新築や中古住宅など、念願のマイホームを手に入れたは良いものの、どれだけシミュレートしていても細部に関しては実際に生活してみるまで分かりにくいものです。特に、生活のしやすさや家具の配置に左右されるコンセントはその最たる例と言って良いでしょう。家を建てたり、リフォームが完了してから「ここにもうひとつ足しておけば良かった」など後悔するケースが非常に多いです。ここでは、コンセントリフォームを検討している方に覚えておいてほしい、コンセントの配置や種類・数についての基礎知識を解説していきます。

コンセントの種類と特徴

コンセントと聞くともっとも目にする機会の多い、二個口の「ダブルコンセント」をイメージしがちですが、他にもたくさんの種類があります。ダブルコンセントは万能ではあるものの、家電製品によっては漏電や過大電流などの危険が伴うため、コンセントの種類と特徴を把握してうまく配置しなければなりません。最もなじみ深いダブルコンセントに次いで家庭内でよく使用されているのが、「アース付きコンセント」です。文字通りアース線を繋ぐ部品が取り付けられているコンセントで、グランドに電流を逃がすことで感電や漏電を防ぐ役割があります。主な接続用途としては、漏電防止のために繋ぐ洗濯機、過大電流が流れることを防ぐ目的で繋ぐ電子レンジなどが挙げられます。次に、さまざまな用途で使用することができる「マルチメディアコンセント」も見ていきましょう。一般的なダブルコンセントに加えて、インターネットや電話回線などの通信系がまとめられたコンセントです。テレビやパソコン、電話やFAXなどを設置する上で不可欠となります。また、近年ではパソコンに加えてスマートフォンやタブレット端末の普及により、「USBコンセント」という種類のコンセントも登場しました。

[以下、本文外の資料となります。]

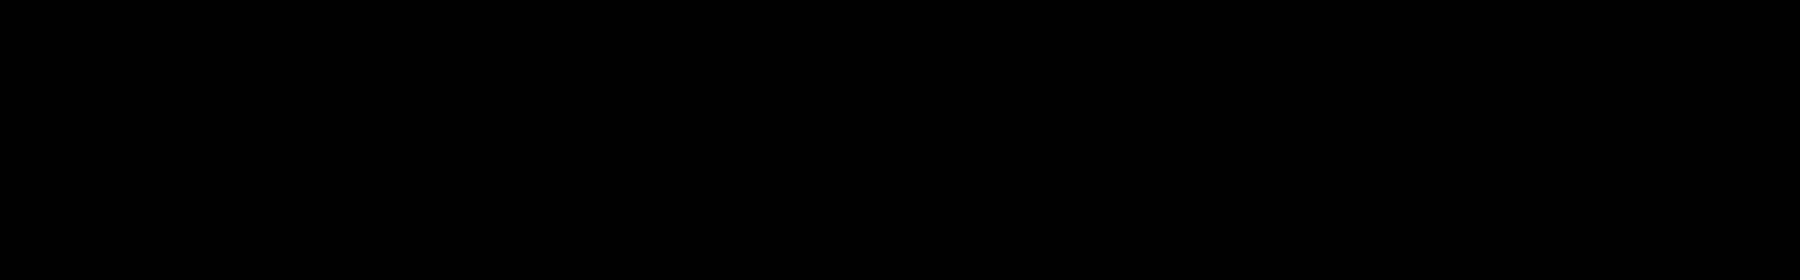 CHAOS audio waveform
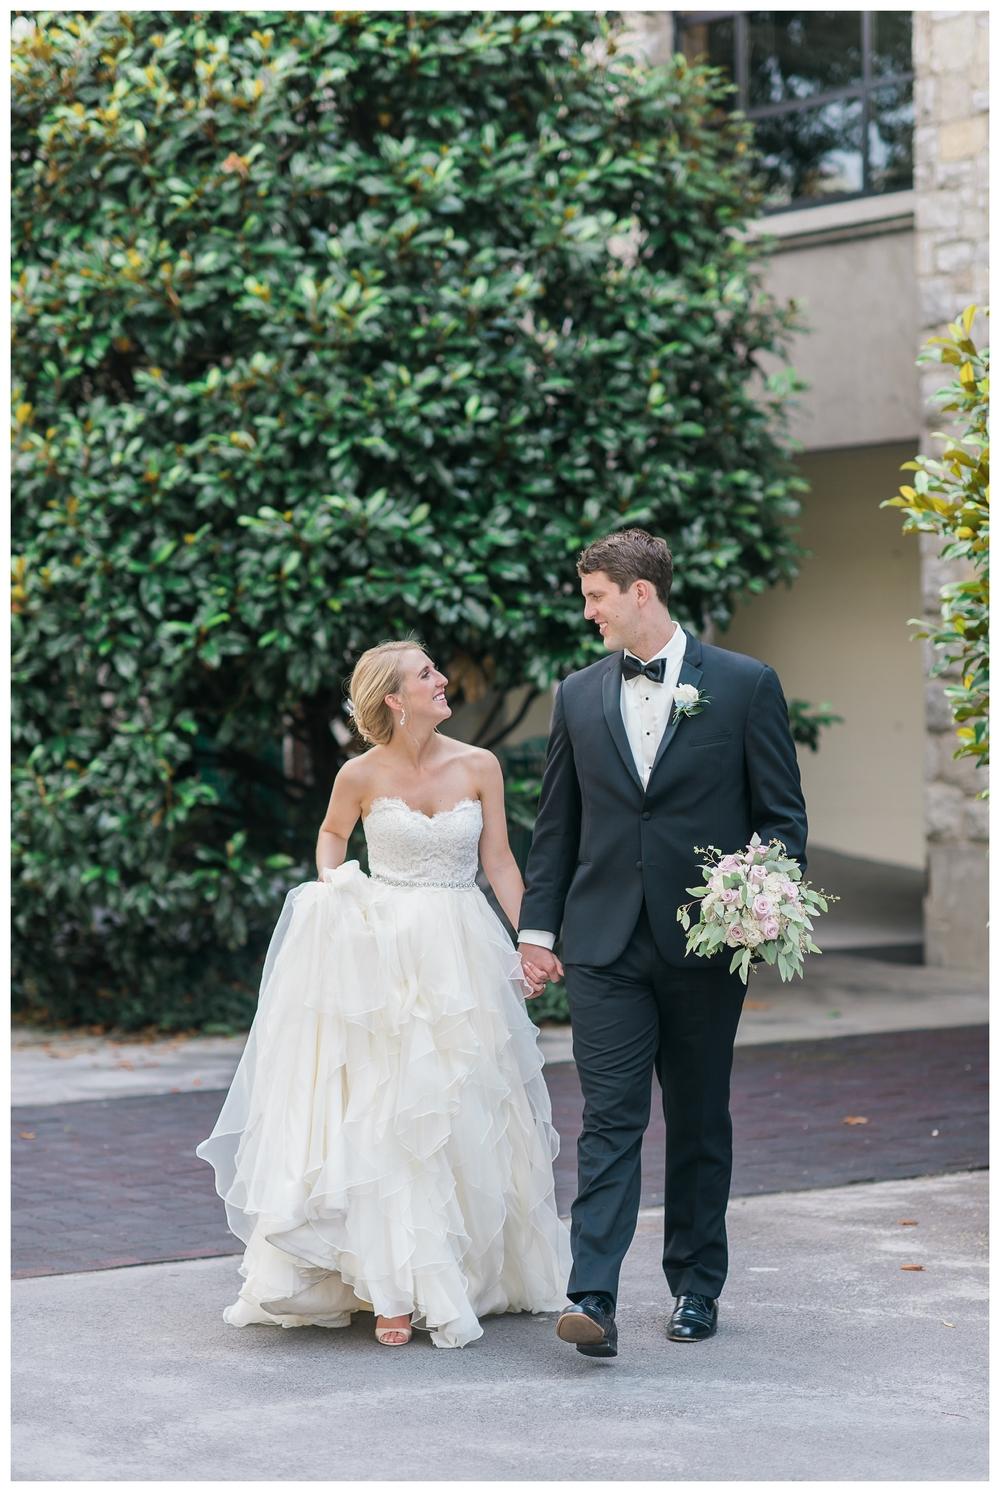 Rebecca_Bridges_Photography_Indianapolis_Wedding_Photographer_4551.jpg

通常であれば電源アダプタをダブルコンセントに挿して、そこからさらにUSBケーブルで端末と繋いで充電しますが、このUSBコンセントを設置すればUSBケーブルのみで充電できるという便利な代物です。他にも「あったら便利系」コンセントとして、アップコンセント(フロアコンセント)が挙げられます。床面上に設置するコンセントで、使用しない時はフタを閉じれば平面状態に戻るものです。さらに、プラグを回さないと抜けない仕組みになっている「抜け止め式コンセント」、反対にコードに足を引っかけた時に容易に外れて家族の転倒事故を防げる「マグネット式コンセント」などは、家族の年齢や生活スタイル、シーンに応じてチョイスすると良いでしょう。コンセント内に異物混入やお子さんのイタズラを防ぐシャッター付きのコンセント、屋外で使う傘付きコンセントや防水タイプコンセントといった種類もあるため、ぜひリフォームや注文住宅の購入前にこれらの種類を一通り頭に入れておいてください。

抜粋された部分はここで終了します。